**Task brief**
An exact copy of the data is required, with no pictures in it.

___ Data segment

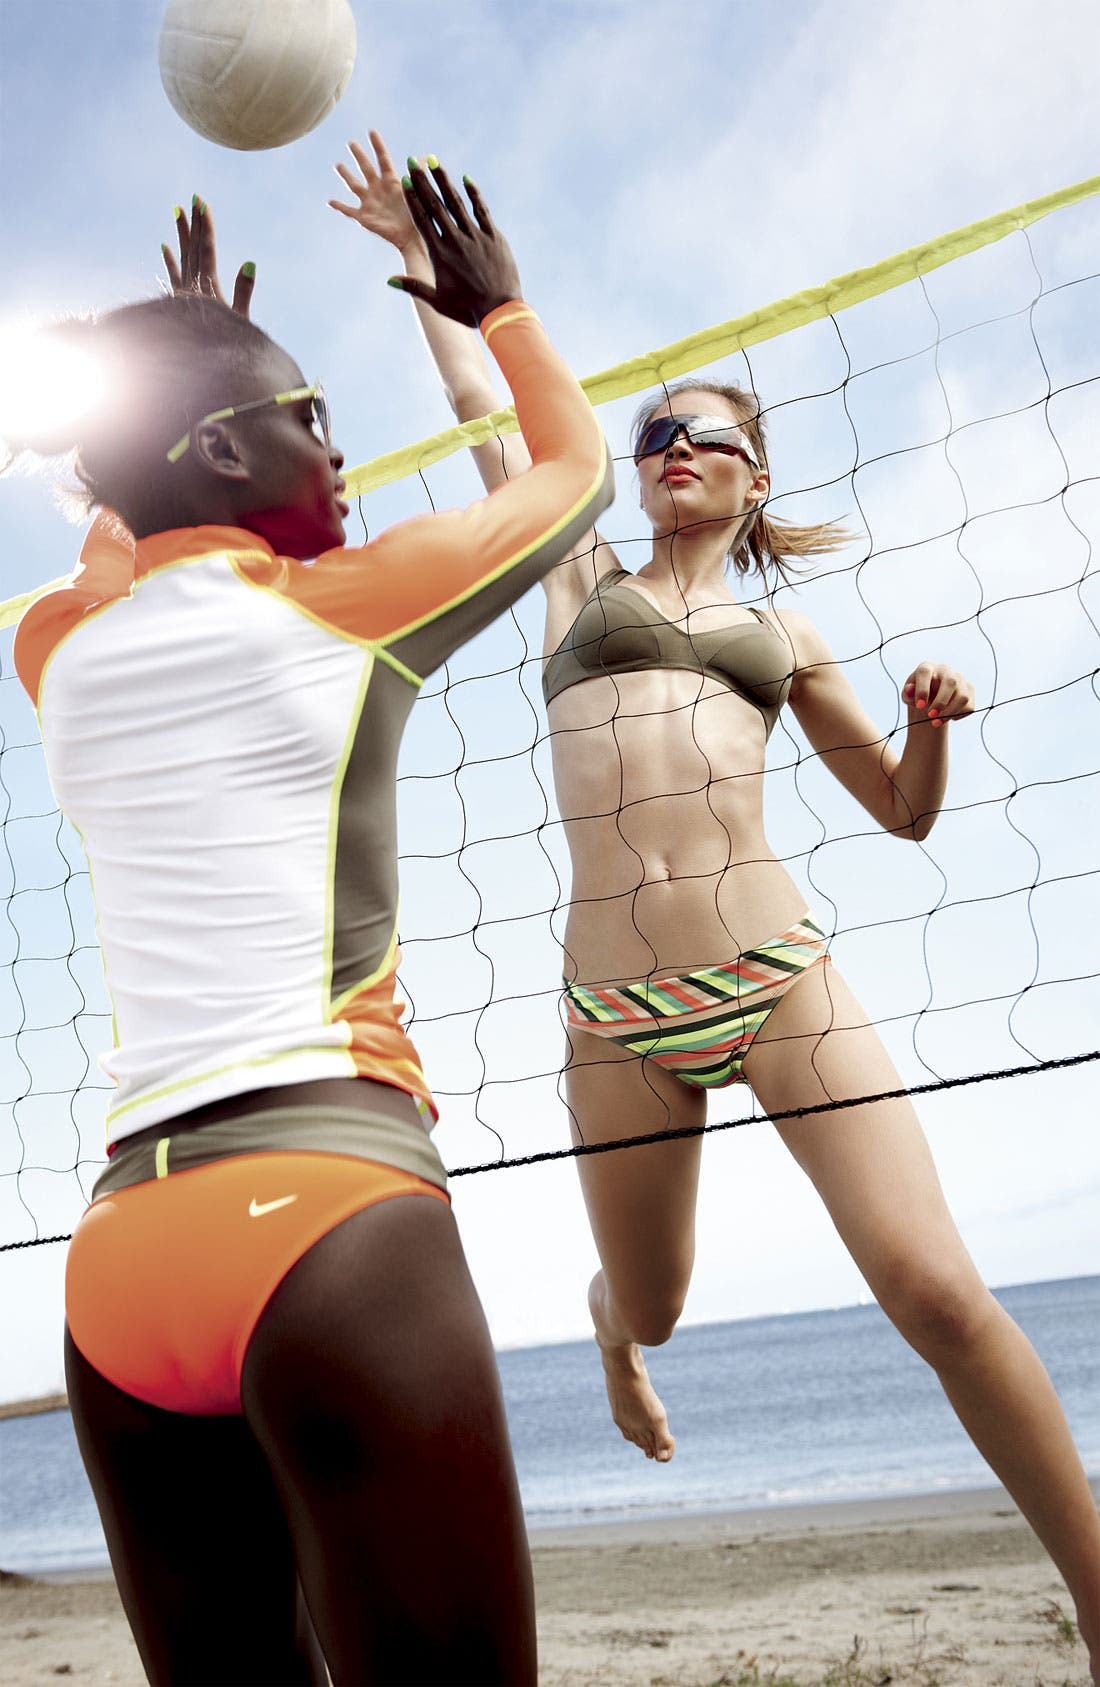 Alternate Image 1 Selected - Nike Bikini Top & Bottoms
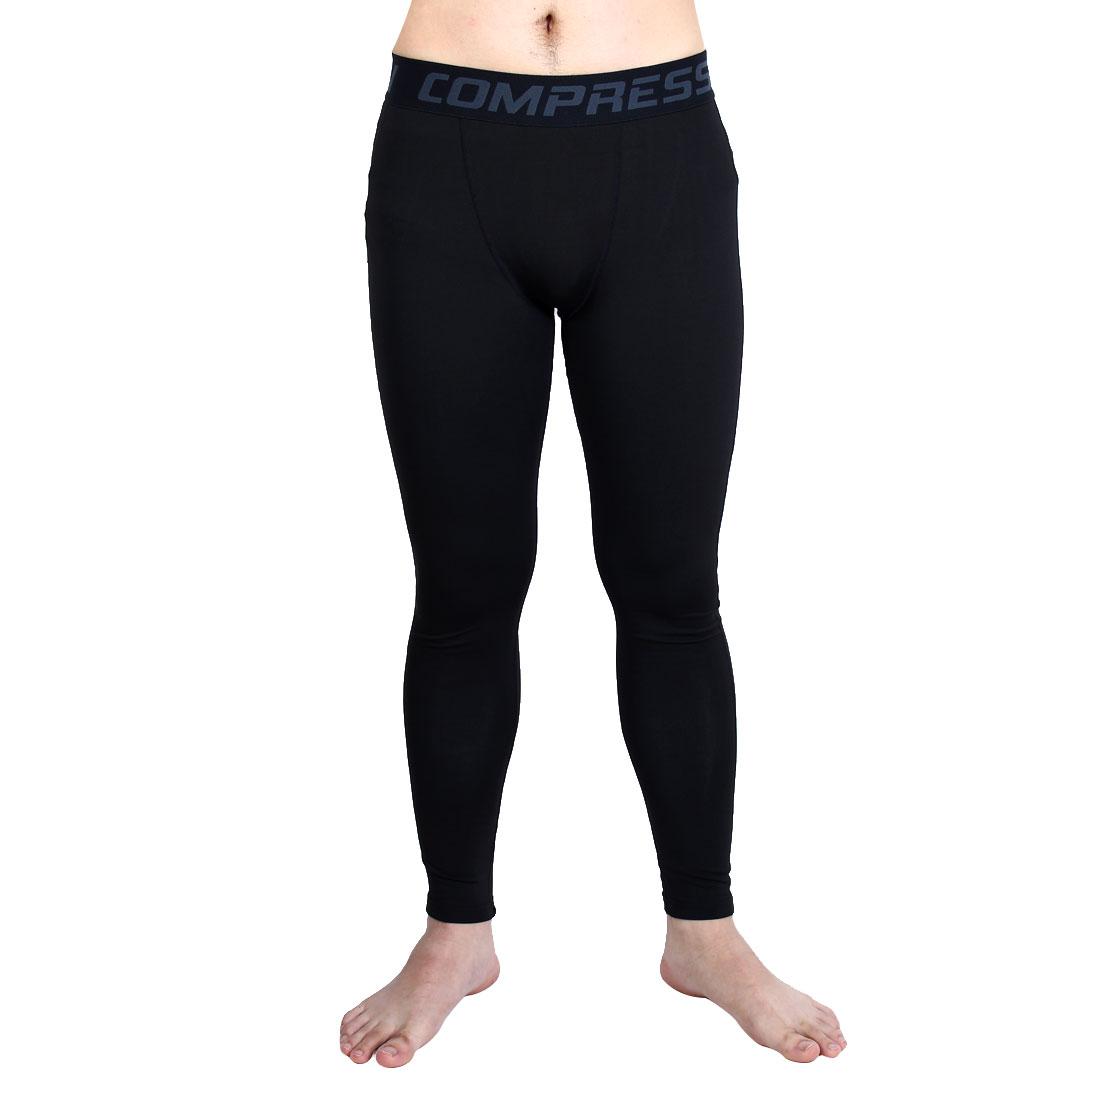 Men Running Biking Athletic Trousers Activewear Outdoor Sports Pants Black W30
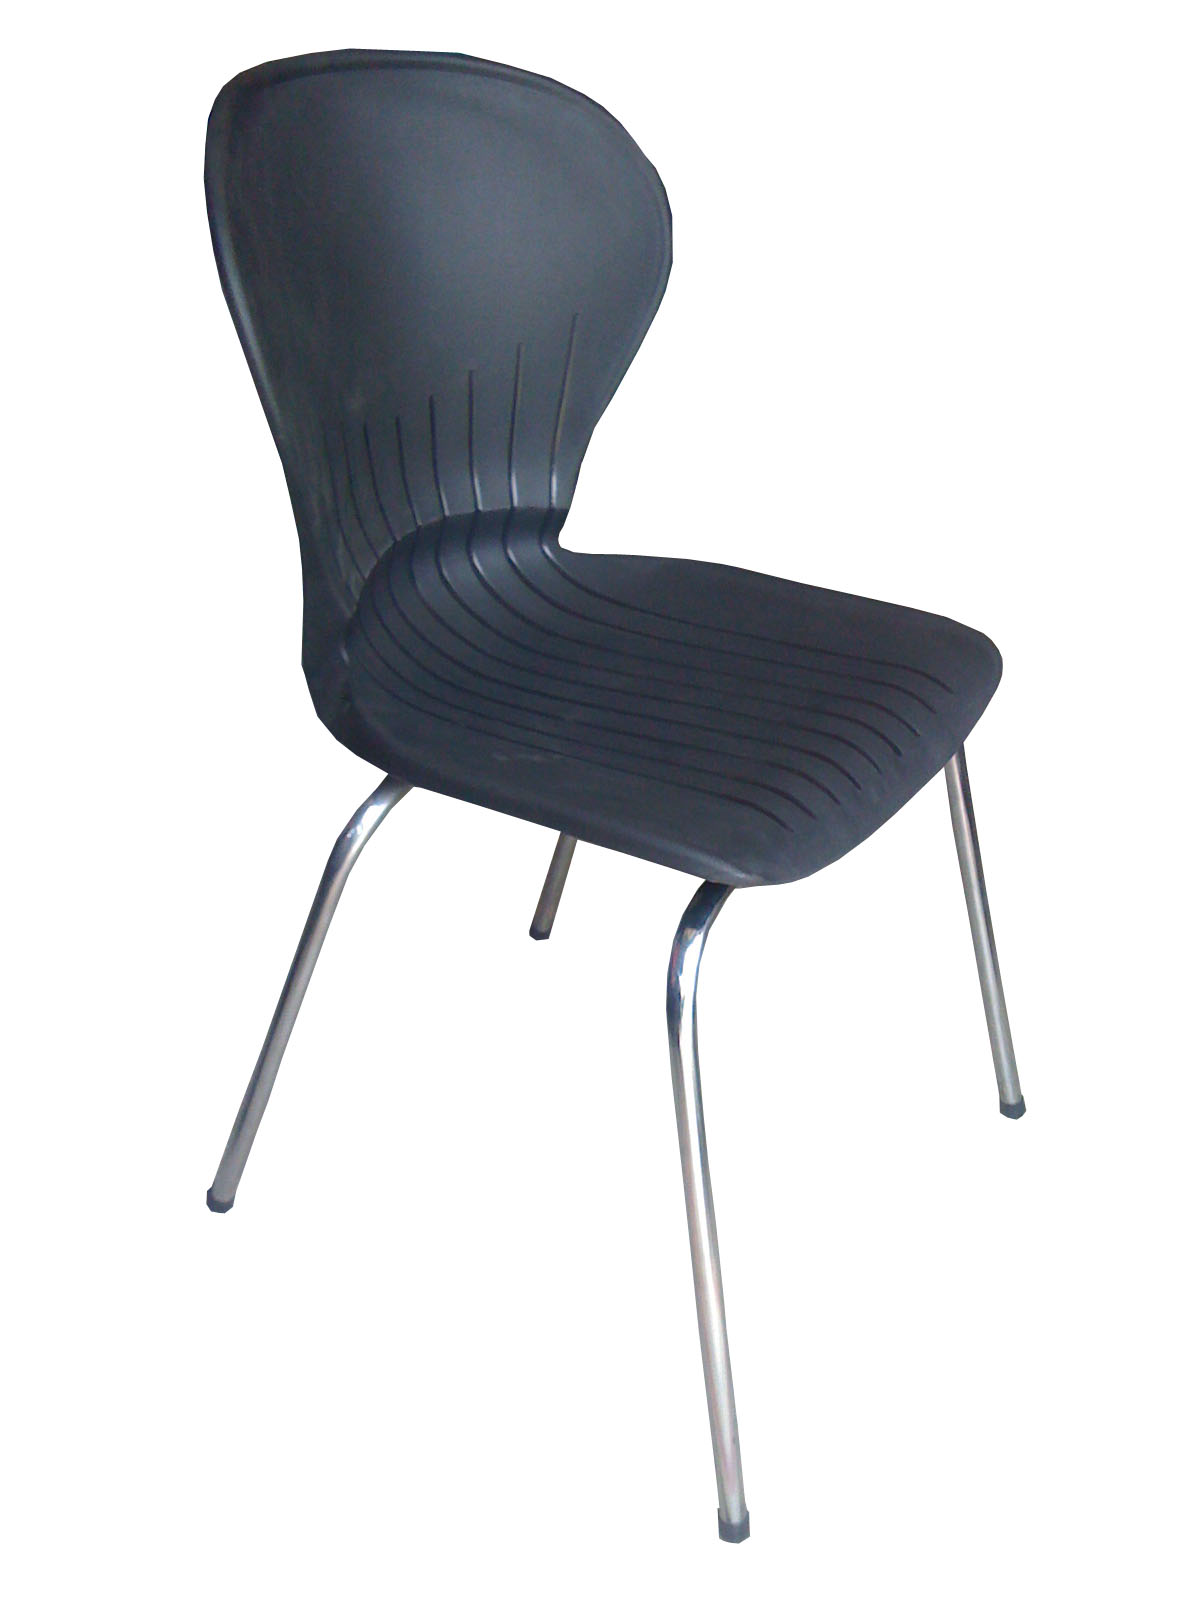 Muebles bogota muebles oficina sillas archivadores for Silla interlocutora

______

**Completed task**
 Alternate Image 1 Selected - Nike Bikini Top & Bottoms
 Men Running Biking Athletic Trousers Activewear Outdoor Sports Pants Black W30
 Muebles bogota muebles oficina sillas archivadores for Silla interlocutora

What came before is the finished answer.